Module 04 | Real-World Connections

Why textbook RSA is never used in practice and how OAEP fixes it.

Introduction

Textbook RSA --- $c = m^e \bmod n$ --- is mathematically elegant but completely unsuitable for real-world encryption. It has two fatal flaws:

Deterministic: the same message always encrypts to the same ciphertext
Malleable: an attacker can manipulate ciphertexts to produce related plaintexts

Every real RSA deployment uses padding to fix these problems. The modern standard is OAEP (Optimal Asymmetric Encryption Padding), specified in PKCS#1 v2.2.
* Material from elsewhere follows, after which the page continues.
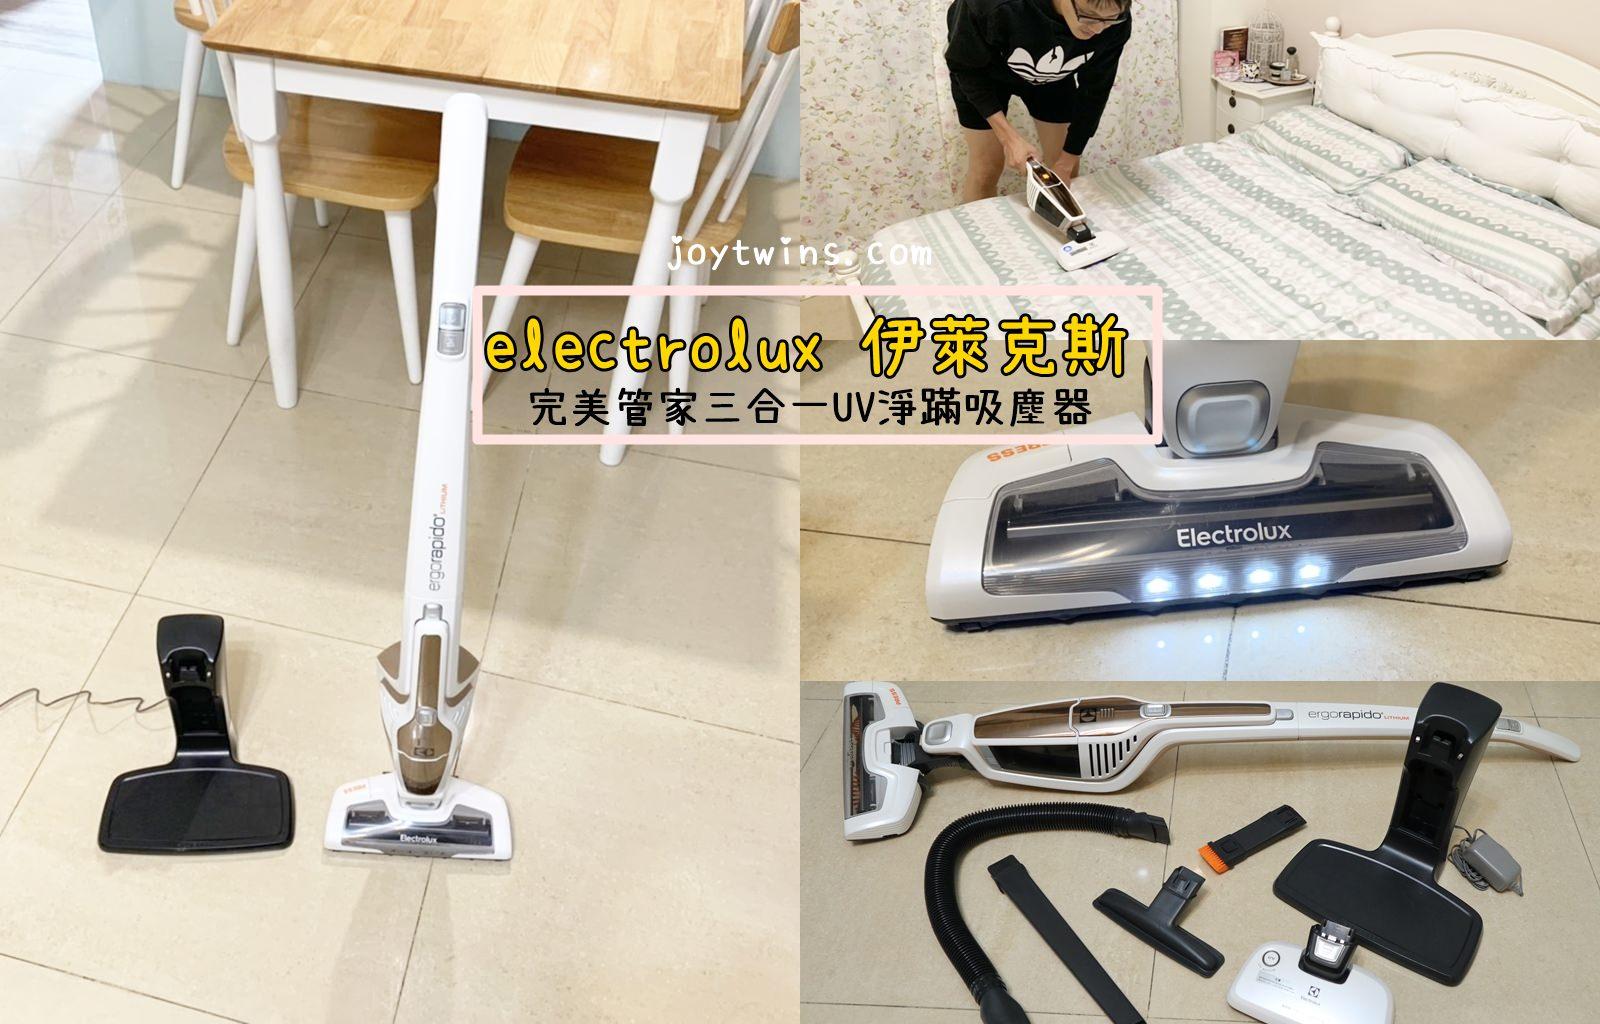 【開團】electrolux 伊萊克斯 完美管家三合一UV淨蹣吸塵器 直立+手持+除蹣 三合一 除塵除蹣超強選擇 (型號:ZB3233B)

This notebook demonstrates why textbook RSA fails and how OAEP fixes each flaw.

Problem 1: Deterministic Encryption

Textbook RSA is a deterministic function: given the same $m$ , $e$ , and $n$ , it always produces the same $c$ .

This means an attacker can:

Detect when the same message is sent twice
Build a dictionary mapping known plaintexts to ciphertexts
Distinguish between two candidate messages (breaks IND-CPA security)

In [ ]:

# === Setup: generate RSA key pair ===

set_random_seed(2024)

p = random_prime(2^50, lbound=2^49)
q = random_prime(2^50, lbound=2^49)
n = p * q
phi_n = (p - 1) * (q - 1)
e = 65537
d = inverse_mod(e, phi_n)

print(f'RSA key pair (n ~ {n.nbits()} bits):')
print(f'  Public:  (n={n}, e={e})')
print(f'  Private: d={d}')

In [ ]:

# === Demonstration: deterministic encryption leaks equality ===

# Suppose the plaintext is a vote: 0 = "No", 1 = "Yes"
m_yes = 1
m_no = 0

c_yes = power_mod(m_yes, e, n)
c_no = power_mod(m_no, e, n)

print('Encrypted votes (textbook RSA):')
print(f'  "Yes" (m=1): c = {c_yes}')
print(f'  "No"  (m=0): c = {c_no}')
print()

# Alice votes
alice_vote = power_mod(1, e, n)
bob_vote = power_mod(1, e, n)
carol_vote = power_mod(0, e, n)

print('Intercepted encrypted votes:')
print(f'  Alice: {alice_vote}')
print(f'  Bob:   {bob_vote}')
print(f'  Carol: {carol_vote}')
print()

# Attacker can tell who voted the same way!
print('Attacker observes:')
print(f'  Alice and Bob have the SAME ciphertext: {alice_vote == bob_vote}')
print(f'  Carol has a DIFFERENT ciphertext: {alice_vote != carol_vote}')
print()
print('Without decrypting, the attacker knows Alice and Bob voted the same way.')
print('With only 2 possible messages, the attacker can try both and learn everything:')
print(f'  Encrypt(1) = {c_yes} matches Alice -> Alice voted Yes')
print(f'  Encrypt(0) = {c_no} matches Carol -> Carol voted No')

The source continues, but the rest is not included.